The letter of intent is to be
sent by the date listed at the beginning of this document.
The letter of intent
should be sent to:
Sidney M. Stahl, Ph.D.
Chief, Individual
Behavioral Processes Branch
Behavioral and Social Research Program
National Institute on
Aging
7201 Wisconsin Ave.,
#533
Bethesda, MD 20892
Telephone: (301) 402-4156
FAX: (301) 402-0051
Email: stahls@nia.nih.gov
3.B.
Sending an Application to the NIH
Applications must be
prepared using the research grant applications found in the PHS 398
instructions for preparing a research grant application. Submit a signed,
typewritten original of the application, including the checklist, and three signed photocopies in one
package to:
Center for Scientific Review
National Institutes of Health
6701 Rockledge Drive, Room 1040, MSC 7710
Bethesda, MD 20892-7710 (U.S. Postal Service Express
or regular mail)
Bethesda, MD 20817 (for express/courier service;
non-USPS service)
Personal deliveries of
applications are no longer permitted (see http://grants.nih.gov/grants/guide/notice-files/NOT-OD-03-040.html).
At the time of
submission, two additional copies of the application and all copies of the
appendix material must be sent to:
Dr. Mary Nekola
Chief, Scientific Review Office
National Institute on Aging
7201 Wisconsin Ave.
GW/2C212
Bethesda, MD 20892
Telephone: (301) 402-7702
FAX: (301) 402-0066
Email: nekolam@nia.nih.gov
Using
the RFA Label: The RFA label available in the PHS 398 application
instructions must be affixed to the bottom of the face page of the application.
Type the RFA number on the label. Failure to use this label could result in
delayed processing of the application such that it may not reach the review
committee in time for review. In addition, the RFA title and number must be
typed on line 2 of the face page of the application form and the YES box must
be marked. The RFA label is also available at: http://grants.nih.gov/grants/funding/phs398/labels.pdf.
3.C. Application
Processing
Applications must be received on or before the
application receipt date(s) described above (Section IV.3.A.).

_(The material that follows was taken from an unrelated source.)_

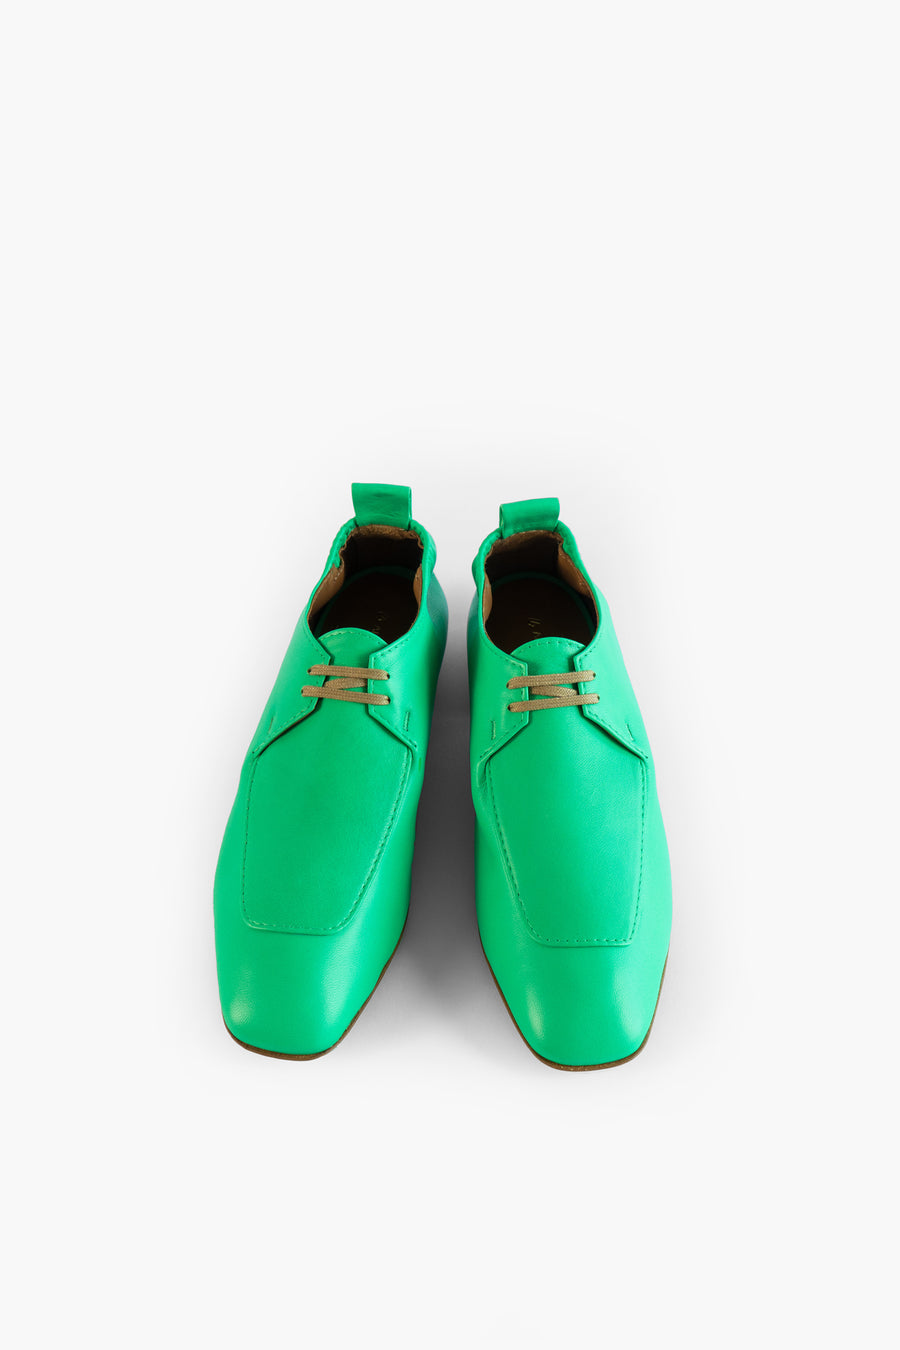 TEDA | Sustainable Shoes Made in Germany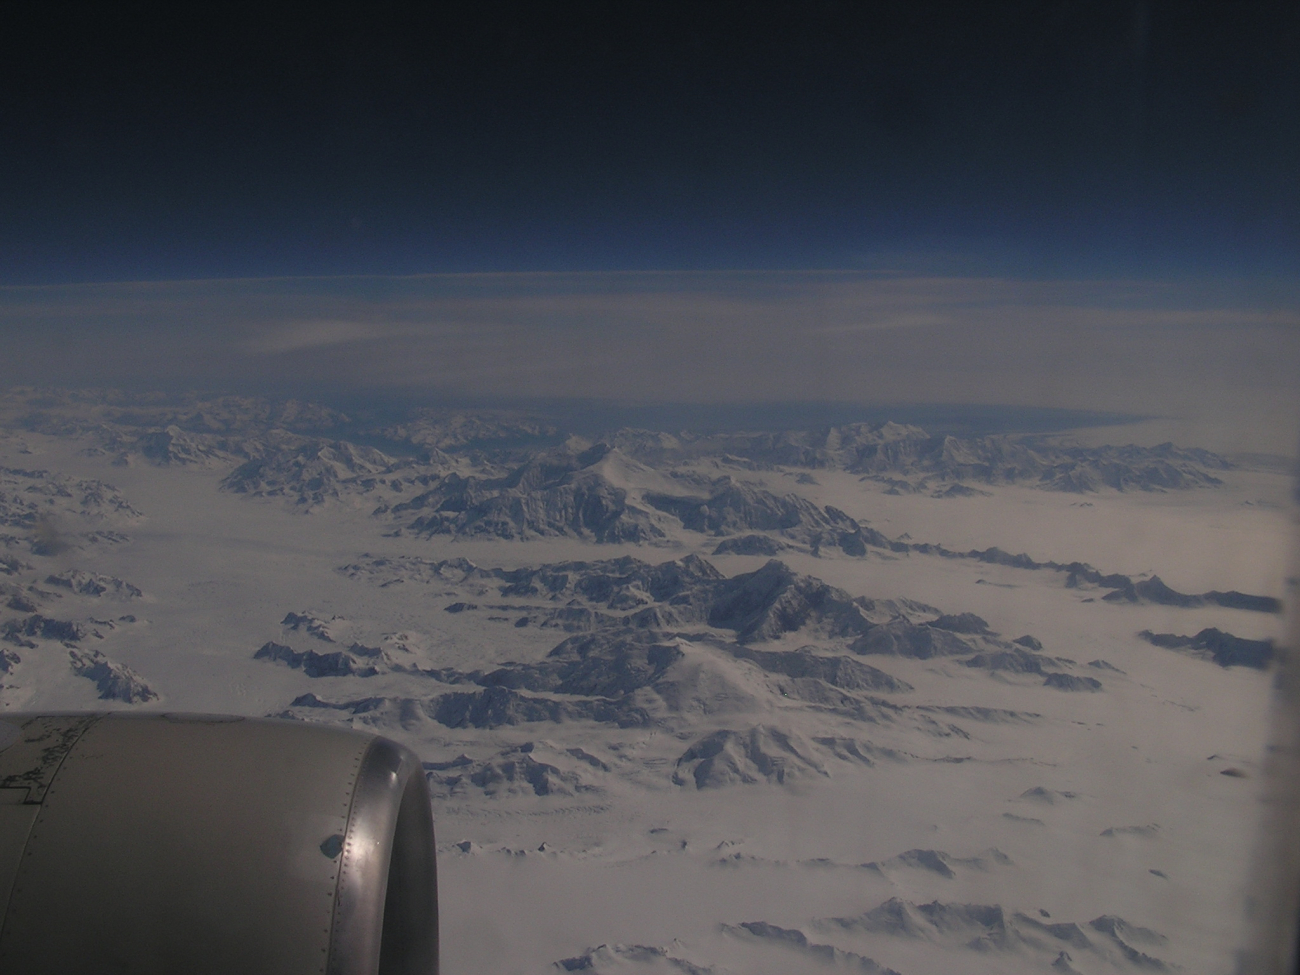 View of Alaska coastal mountains from an airplane

If an application is received after that date, it will be returned to the
applicant without review. Upon receipt, applications will be evaluated for
completeness by the CSR and responsiveness by the National Institute on Aging. Incomplete and
non-responsive applications will not be reviewed.
The NIH will not accept
any application in response to this funding opportunity that is essentially the
same as one currently pending initial review, unless the applicant withdraws
the pending application. However, when a previously unfunded application,
originally submitted as an investigator-initiated application, is to be
submitted in response to a funding opportunity, it is to be prepared as a NEW application. That is, the application for the funding opportunity must not include an
Introduction describing the changes and improvements made, and the text must
not be marked to indicate the changes from the previous unfunded version of the
application.
Information on the status of an application should be
checked by the Principal Investigator in the eRA Commons at: https://commons.era.nih.gov/commons/.
4. Intergovernmental
Review
This initiative is not
subject to intergovernmental
review.
5.
Funding Restrictions
All NIH awards are
subject to the terms and conditions, cost principles, and other considerations
described in the NIH Grants Policy Statement. The Grants Policy Statement can
be found at http://grants.nih.gov/grants/policy/policy.htm.
Pre-Award
Costs are allowable. A grantee may, at its own risk and without NIH prior
approval, incur obligations and expenditures to cover costs up to 90 days
before the beginning date of the initial budget period of a new or competing
continuation award if such costs: are necessary to conduct the project, and would
be allowable under the grant, if awarded, without NIH prior approval. If
specific expenditures would otherwise require prior approval, the grantee must
obtain NIH approval before incurring the cost. NIH prior approval is required
for any costs to be incurred more than 90 days before the beginning date of the
initial budget period of a new or competing continuation award.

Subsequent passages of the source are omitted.